В восторге пребывал и сам Эльконто.
Угу. До тех пор, пока не понял, что «меховые яйца» его постоянно обыгрывают. Настолько постоянно, что у снайпера не оставалось ни единого шанса даже в любимой «Пуле на вылет».
— Вас много, а я один! — орал он из гостиной обиженным голосом.
— Еляй лучче!
— Стреляй лучше? Да я, ядрит вас за ногу, самый лучший стрелок на Уровнях!
— И самый!
«Не самый».
— Это я-то «не самый»?!
Мы с Клэр давились от хохота. Азарт бил через край и у друга, и у «яиц», и ни одна из сторон не желала сдаваться или проигрывать.
Вообще-то, Дэйн был прав — Фурии жульничали: играли в команде, просчитывали ход игры наперед, сменяли друг друга, проявляли невиданную для людей реакцию. И тогда, в конец расстроенный, с потрепанным самомнением и ворчливый, он собирался домой. Нежно упаковывал любимую «игрушку» в коробку, собирал с пола провода, а на хоровую мольбу Смешариков «а-ставь!», с недовольством отвечал:
— Ага, оставить вам, чтобы в следующий раз вы меня не за пять, а за три секунды «сделали»? Ну, уж нет, нашли дурака!
И уносил приставку с собой, чтобы на следующее утро принести вновь.
Фурии, понятное дело, дулись, Фурии обижались, и, по моему мнению, все увереннее склонялись к мысли, что Эльконто заслуживает какую-нибудь гадость. Точнее, уже заслужил, потому как среди пушистиков он давно прозвался «атив-ный найпер».
Противный или нет, но оставлять излюбленную «Сириану» для пушистиков в нашем доме Дэйн, увы, не спешил.
Трижды они подкатывали к нам с Клэр, просили купить им такую же, но мы все еще размышляли, стоит ли овчинка выделки? А если наш дом окончательно превратится в поле виртуального боя? Что, если звуки выстрелов перестанут в нем стихать с утра до ночи? И хорошо, если будут стихать хотя бы ночью, а то ведь и не уговоришь этот детский сад составить расписание, чтобы «всем» жилось хорошо.
В общем, мы стойко держались и надрывно отвечали «нет».
Фурии хлопали глазами, жалобно вздыхали, Фурии дулись на нас совсем как дети.
А этим утром они пропали.
— Дин, а вдруг они ушли к себе в Фуриандию? Насовсем.
— Туда они и ушли, — ответила я Клэр, разминая мясную начинку для будущих пирожков, — только не насовсем. Сказали «Мы ни-долга», так что скоро вернутся. Наверное, решили передохнуть от Дэйна.
— Ага. Или все-таки сделать для него какую-нибудь гадость.
И такое возможно, точно. Только для чего им в этом случае в Фуриандию? Гадостей и тут можно придумать предостаточно. Ладно, поживем — увидим.
— Слушай, — экономка, энергично раскатывая тесто — раз-два, раз-два, «пока не станет эластичным и изящным», — вернулась к обсуждаемой ранее теме, — так ты говоришь, что съезжаться с Антонио я не хочу из «страха перед будущим»?
— Точно. Тебя пугает неизвестность.
— Так она же всех пугает.
Дело в том, что те же самые три дня назад я все-таки решила ознакомить подругу с книгами Виилмы — начала зачитывать ей главы, объяснять описанную методику влияния стрессов на жизнь, психологические причины физических заболеваний, — и, что удивительно, та увлеченно погрузилась в изучение новой для себя области знаний с головой. Тщательно разбиралась в собственных проблемах и внутренних установках, училась отпускать тревоги на волю, занялась прощением. И теперь по утрам, где мы традиционно собирались для приготовления завтрака, засыпала меня вопросами.

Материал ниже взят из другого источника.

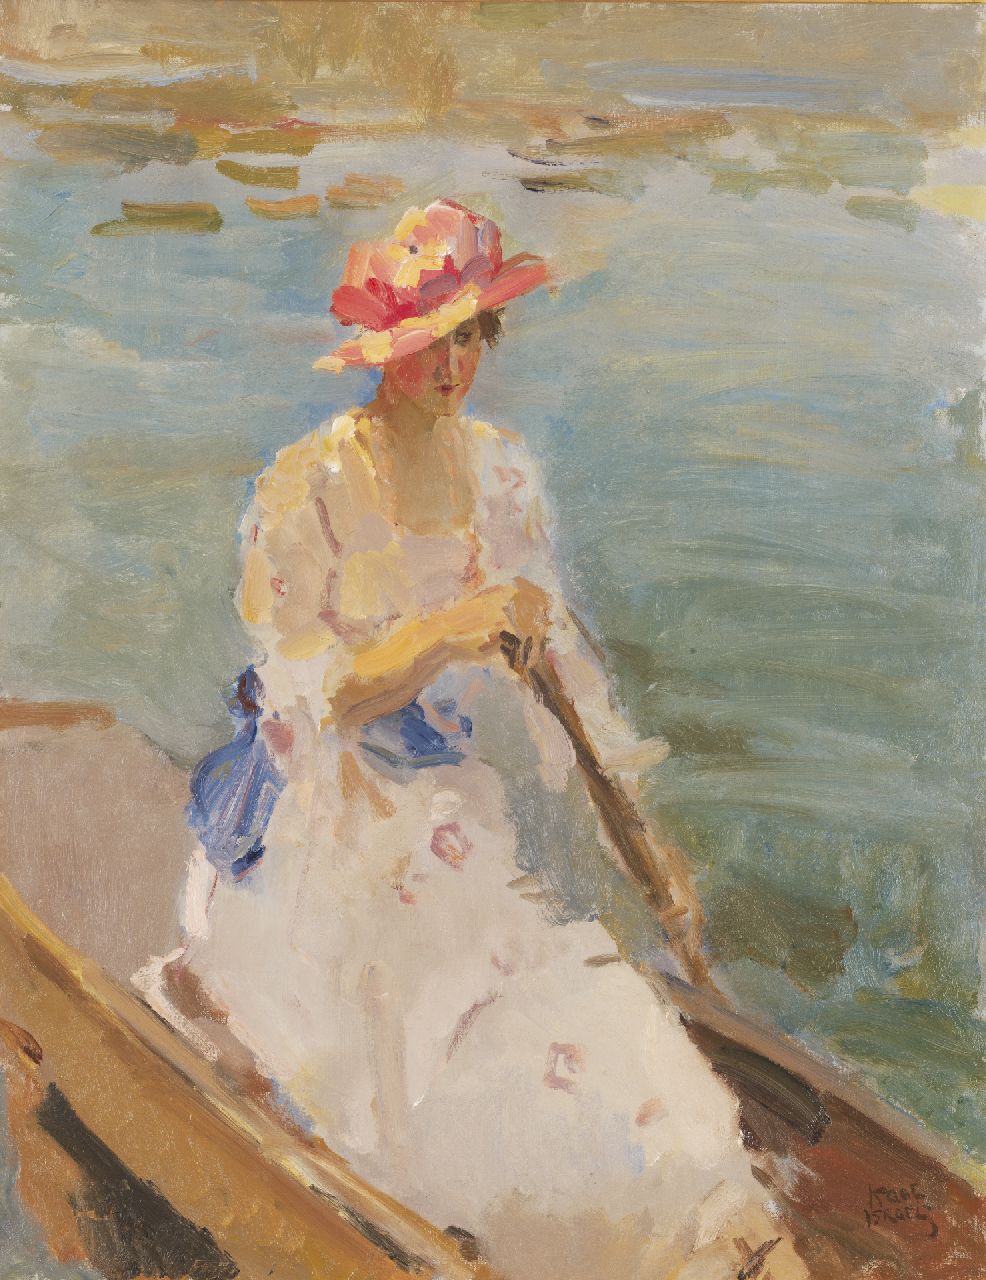 Israels I.L.  | 'Isaac' Lazarus Israels, A young woman, rowing on the Thames, oil on canvas 92.0 x 71.5 cm, signed l.r. and painted between 1913-1914

— Нет, — объясняла я под перестук дождевых капель за окном — осень, сыро, но в доме тепло и уютно, — он не пугает тех людей, которые понимают, что Вселенная завсегда заготовила для них судьбу лучшую, нежели они требуют для себя сами. Вот смотри: почти каждый человек на земле (я все еще использовала привычные для себя выражения, хоть Уровни никогда не назывались Землей) чего-то желает и думает, что непременно станет от этого счастливее. Так?
— Так.
Тесто бухалось о стол, вздымало вверх мучную пыль, радовалось в умелых пальцах хозяюшки. Непривычно тихо было в доме без Фурий.
— Например, кто-то думает, что купит машину и тут же возрадуется «до плеши», кто-то страстно мечтает о новой квартире, кто-то об отношениях с конкретным человеком. Один грезит о новой должности, другой о куче денег под матрасом…
— Чем же это плохо?
— С одной стороны — ничем. Вот только почти все желания рождаются из страха «не иметь», а не из мечты.
— Разве?
— Ну, посуди сама: если бы ты не боялась, что у тебя никогда не будет новой квартиры, тосковала бы ты о ней? Нет. Если бы изначально была уверена, что когда-нибудь у тебя появится любимая машина, страдала бы, что она до сих пор не стоит в гараже и вообще не будет там стоять?
— Не знаю.
— Знаешь. Не страдала бы — все решает уверенность. А страх — это отсутствие уверенности, — чувствуешь разницу? Люди не умеют свои желания отпускать, хотя это одно из самых важных и нужных в жизни умений.
— Отпускать? Совсем?
— Да, просто брать и отпускать. Все свои желания что-либо иметь, все свои надежды что-то в следующем месяце купить, все страдания получить прибавку к зарплате, все свои «жопа-рвания», уж прости за выражение.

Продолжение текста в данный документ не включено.